Expanding the EBS Volume
Go to the EC2 console, Volumes and select your volume, click on Modify. Then increase the size of the volume, this operation will take a while. Once the console reports it is “completed (100%)” , we can continue to follow this AWS Guide. Below is steps I followed, refer back to the guide for more information.
Check what file system you have with (FYI this was done on a Linux CentOS distro):
# sudo file -s /dev/xvd*
It reported back and mine is XFS. We can check how much disk space we have and whether they can be expanded with:
# df -h
Now install some tools:
# sudo yum install xfsprogs
Here my root volume is xvda1, now we extend the physical Partition:
# sudo growpart /dev/xvda 1
Then extend the file system (check guide for explanation):
# sudo xfs_growfs -d /
Verify that it worked with:
# df -h
That’s it!
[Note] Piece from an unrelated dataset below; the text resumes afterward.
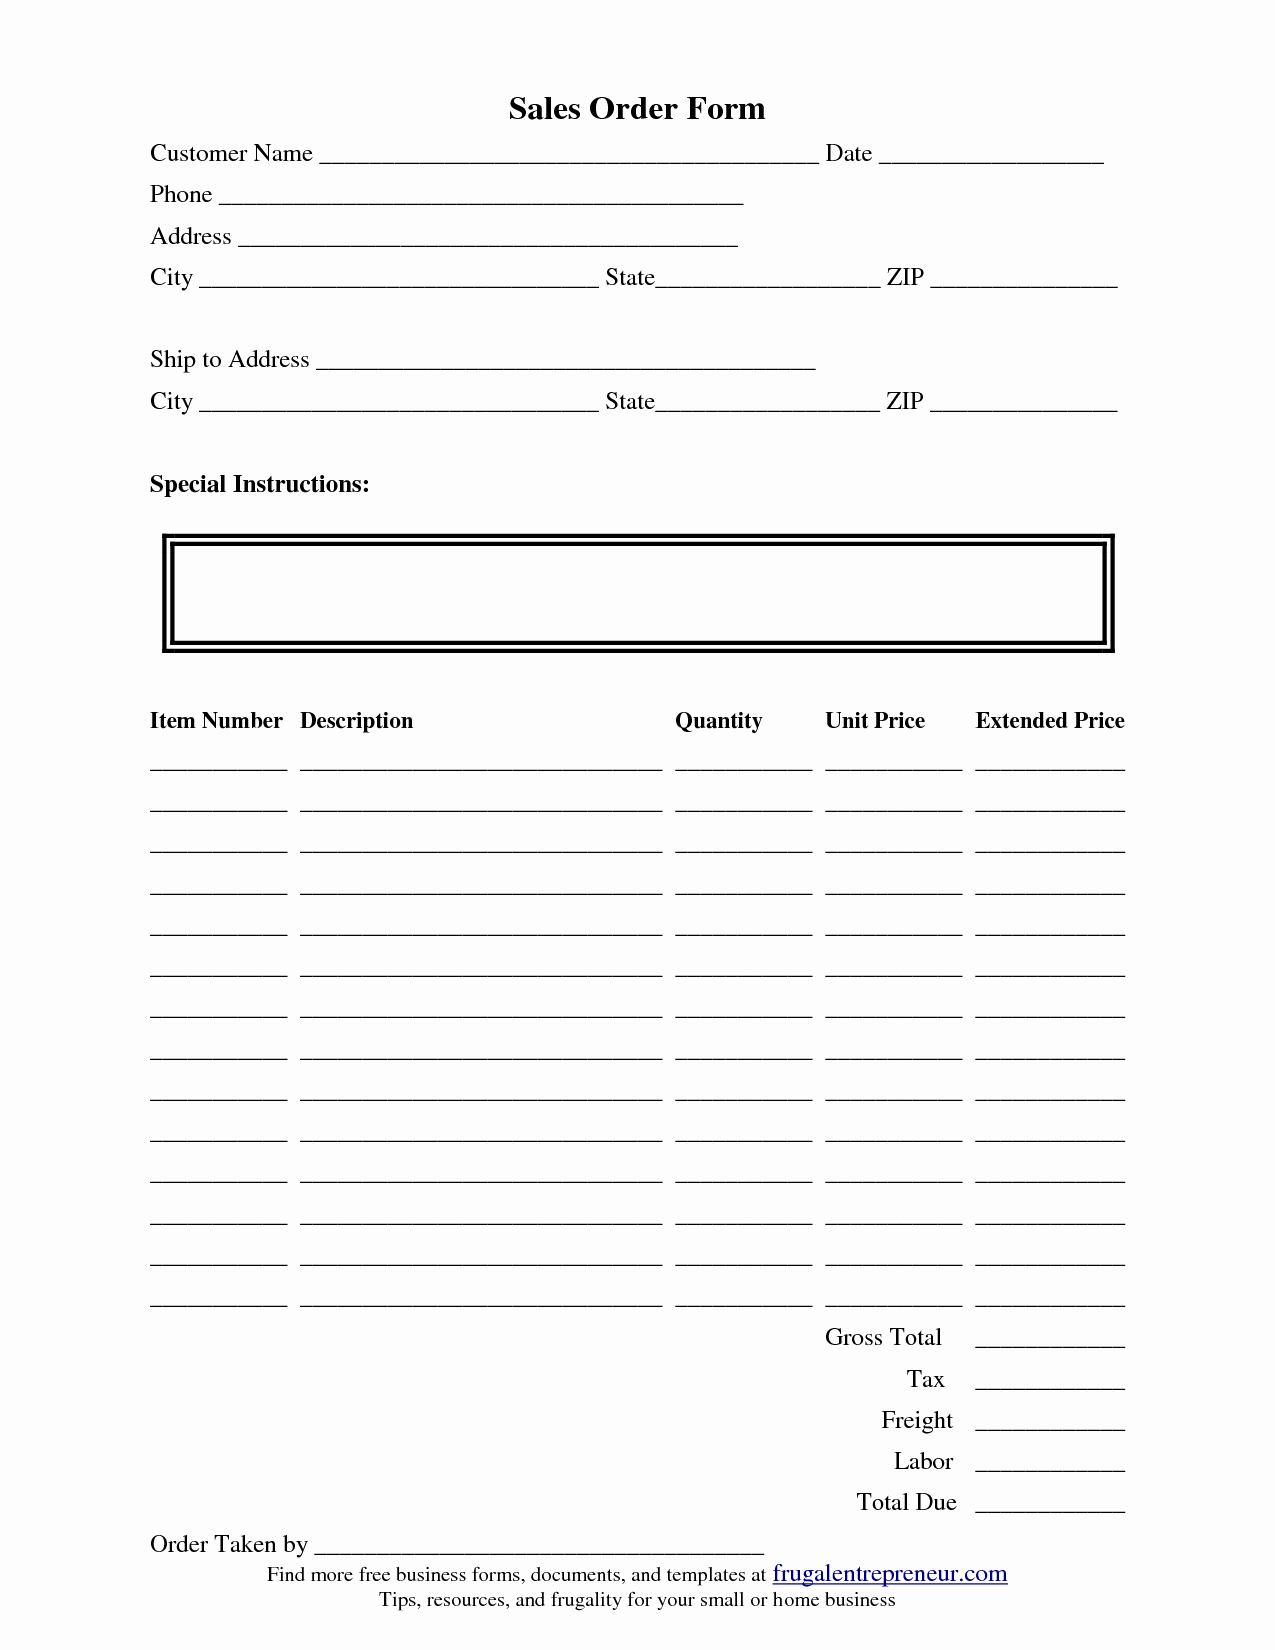 Blank order form Template Word Elegant order form Template

The magic of the cloud, expanding a Hard Disk while it’s running..
Log Disk Usage and Memory Usage to CloudWatch
There are numeruos methods to monitor and send these metrics to CloudWatch. Instead of reinventing the wheel and writing your own script that runs on a cron, consider this AWS Guide. It looks like a lot of work, and it is actually (depending what OS your running), but these are scripts and tools they build purposefully to solve this problem.
Why AWS does not report Disk and Memory usage by default, is above me..
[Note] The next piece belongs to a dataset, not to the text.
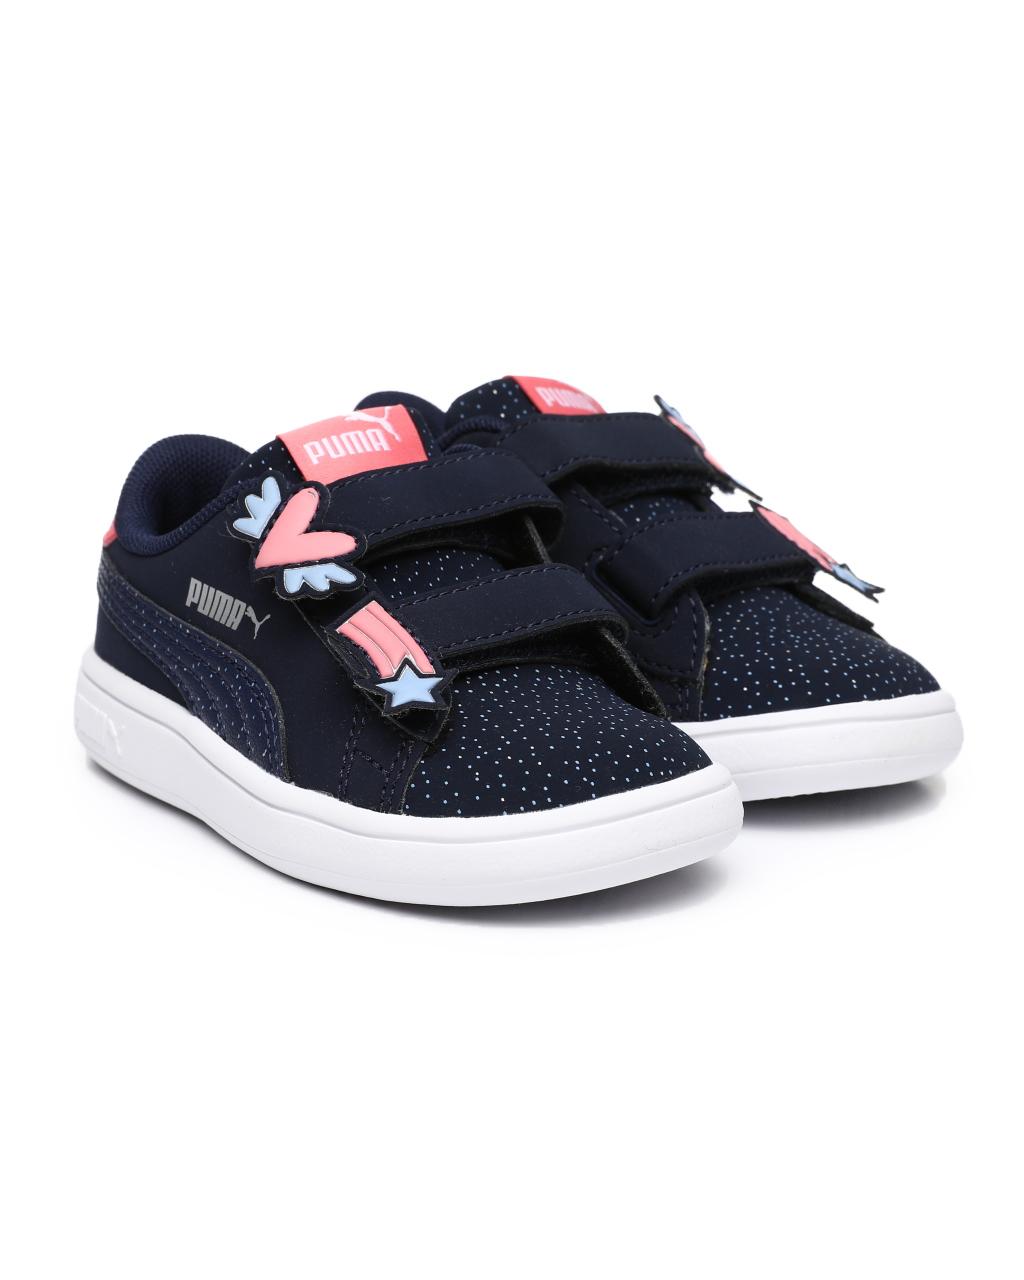 Buy Smash V2 Unicorn Sneakers (5-10) Girls Footwear from Puma ...

Once again, below will just expand a bit on the guide and have some extra notes. Please refer back to it. These commands where done against a CentOS Linux 6.9 distro, so we will follow the Redhat part of the guide.
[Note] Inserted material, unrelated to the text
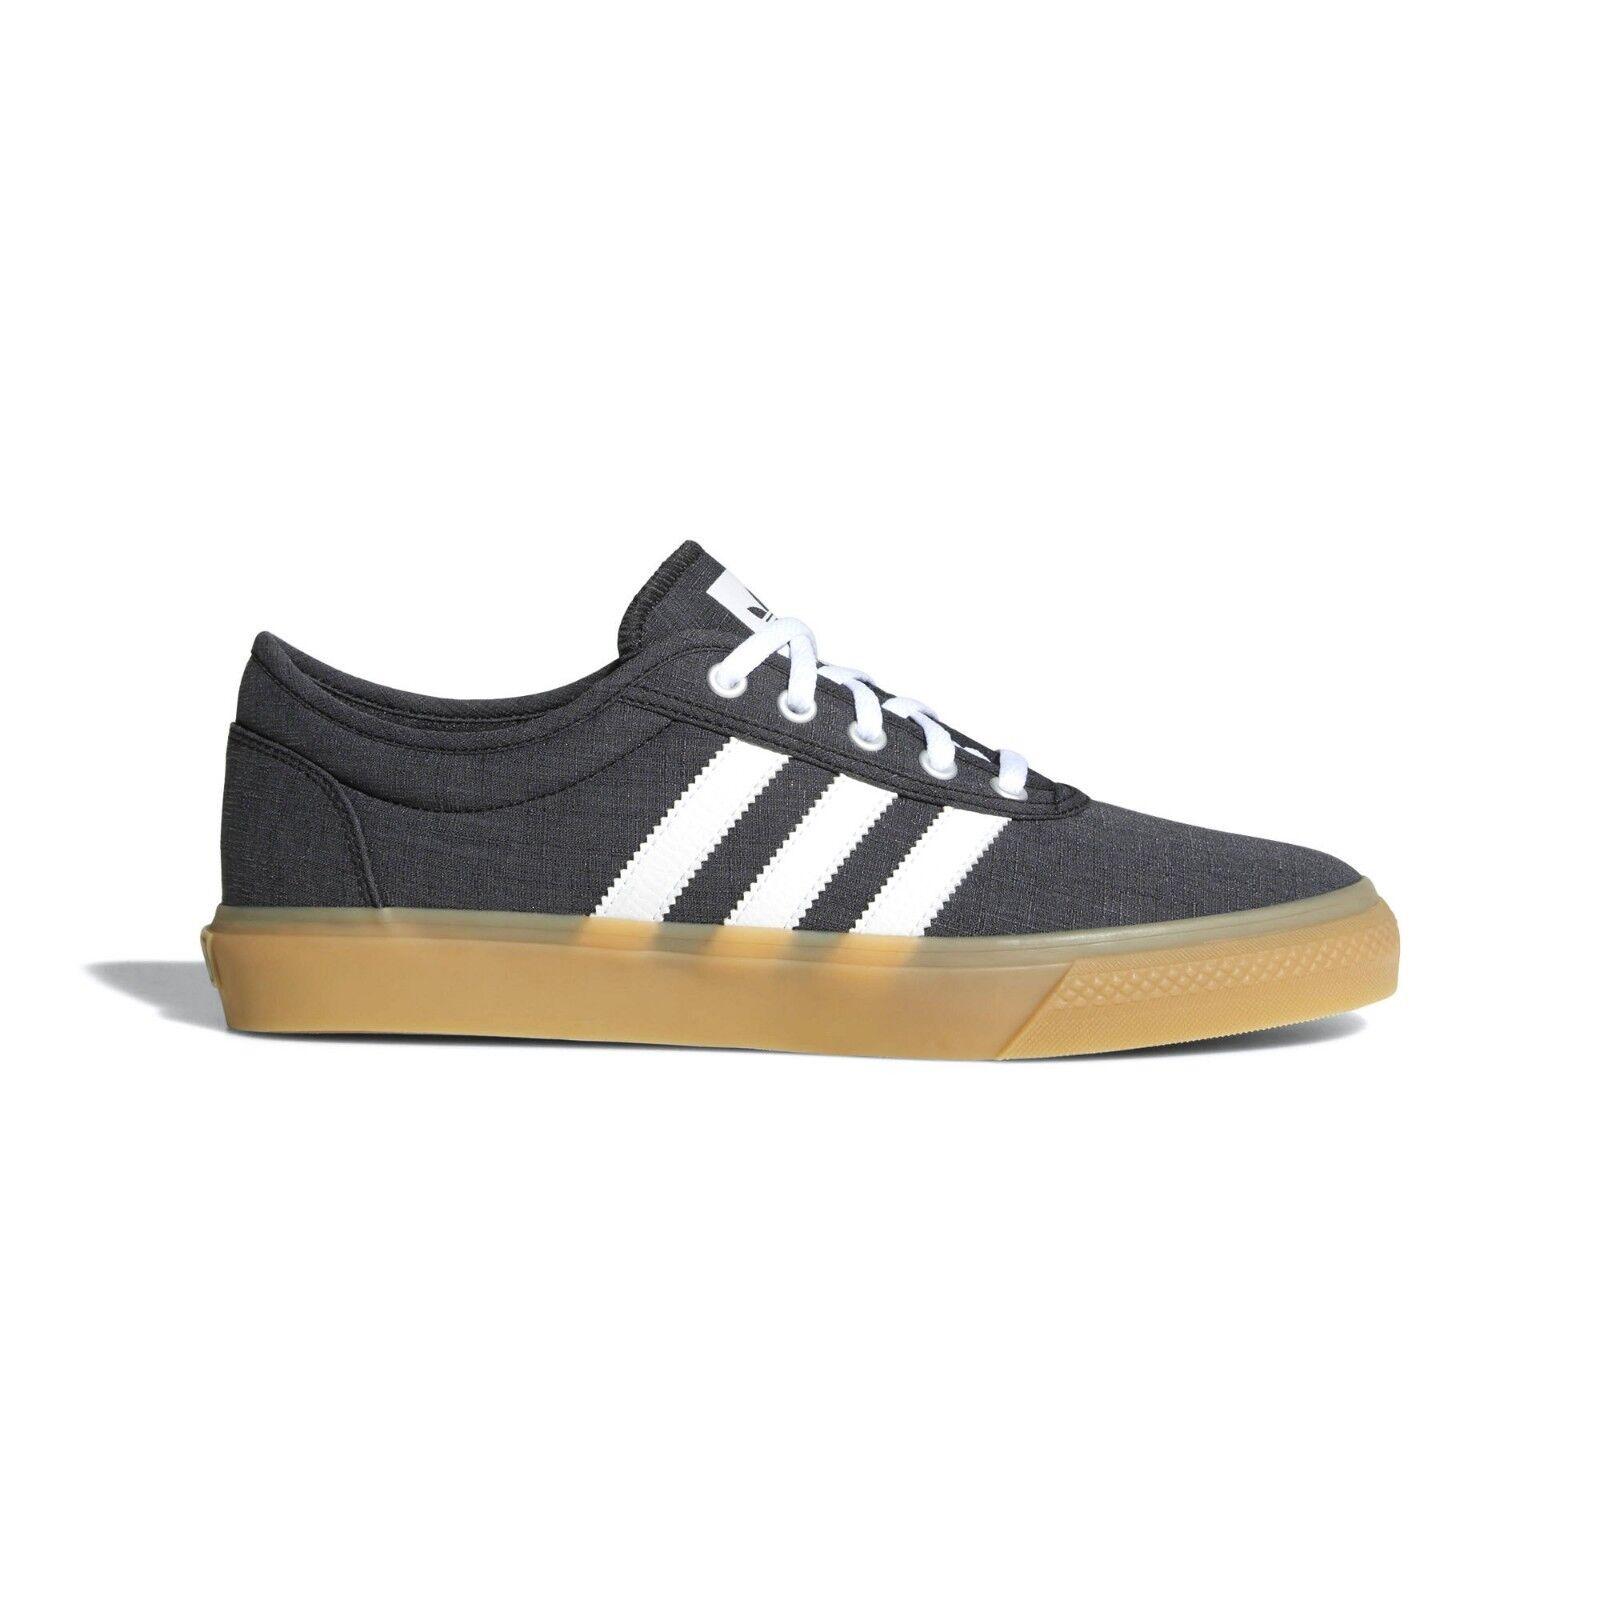 Adidas - skate dga -cq1067 - Uomo skate - shoeschambray - nero / bianco / gomma 4d1500

First install the required packages (this is going to take a while):
sudo yum install perl-DateTime perl-CPAN perl-Net-SSLeay perl-IO-Socket-SSL perl-Digest-SHA gcc -y
sudo yum install zip unzip
Press enter and go through the process until you have installed all 4 parts and your screen looks like:
cpan> install YAML
cpan> install LWP::Protocol::https
cpan> install Sys::Syslog
cpan> install Switch
Then install the monitoring scripts in /apps/monitoring:
# sudo mkdir /apps/monitoring
# cd /apps/monitoring
# sudo curl https://aws-cloudwatch.s3.amazonaws.com/downloads/CloudWatchMonitoringScripts-1.2.2.zip -O
# sudo unzip CloudWatchMonitoringScripts-1.2.2.zip && sudo rm CloudWatchMonitoringScripts-1.2.2.zip
# cd /apps/monitoring/aws-scripts-mon
# sudo cp awscreds.template awscreds.conf
Now we need to jump to the AWS Console, go to IAM, create a new user and give them the following policy:
This just allows the user to put metrics to CloudWatch, make sure to select Programmatic access only and then save the Key and Secret. Below, open the credentials file of the scripts and fill these in with our new Key and Secret :
# sudo nano awscreds.conf
Now test if these scripts actually work.
# ./mon-put-instance-data.pl --mem-util --verify --verbose
The command reports back with the API request id made to put the metric on CloudWatch. Go to the Console, CloudWatch, Metrics and then under the Custom Namespace you will find that it send the Memory utilization.
Then lastly create a 5 minute Cron job that send the memory and the disk space to CloudWatch.
# sudo EDITOR=nano crontab -e
*/5 * * * * /apps/monitoring/aws-scripts-mon/mon-put-instance-data.pl --mem-used-incl-cache-buff --mem-util --mem-used --mem-avail --disk-space-util --disk-space-used --disk-space-avail --disk-path=/ --from-cron
That’s it. You can now setup Alarms in CloudWatch to notify you if the Disk Utilization gets above say 85% percent and the Memory above 97%.
FYI, the memory threshold is considerably higher as Linux (and the programs that run) handles memory differently, so it is hard to tell when you really have memory problems.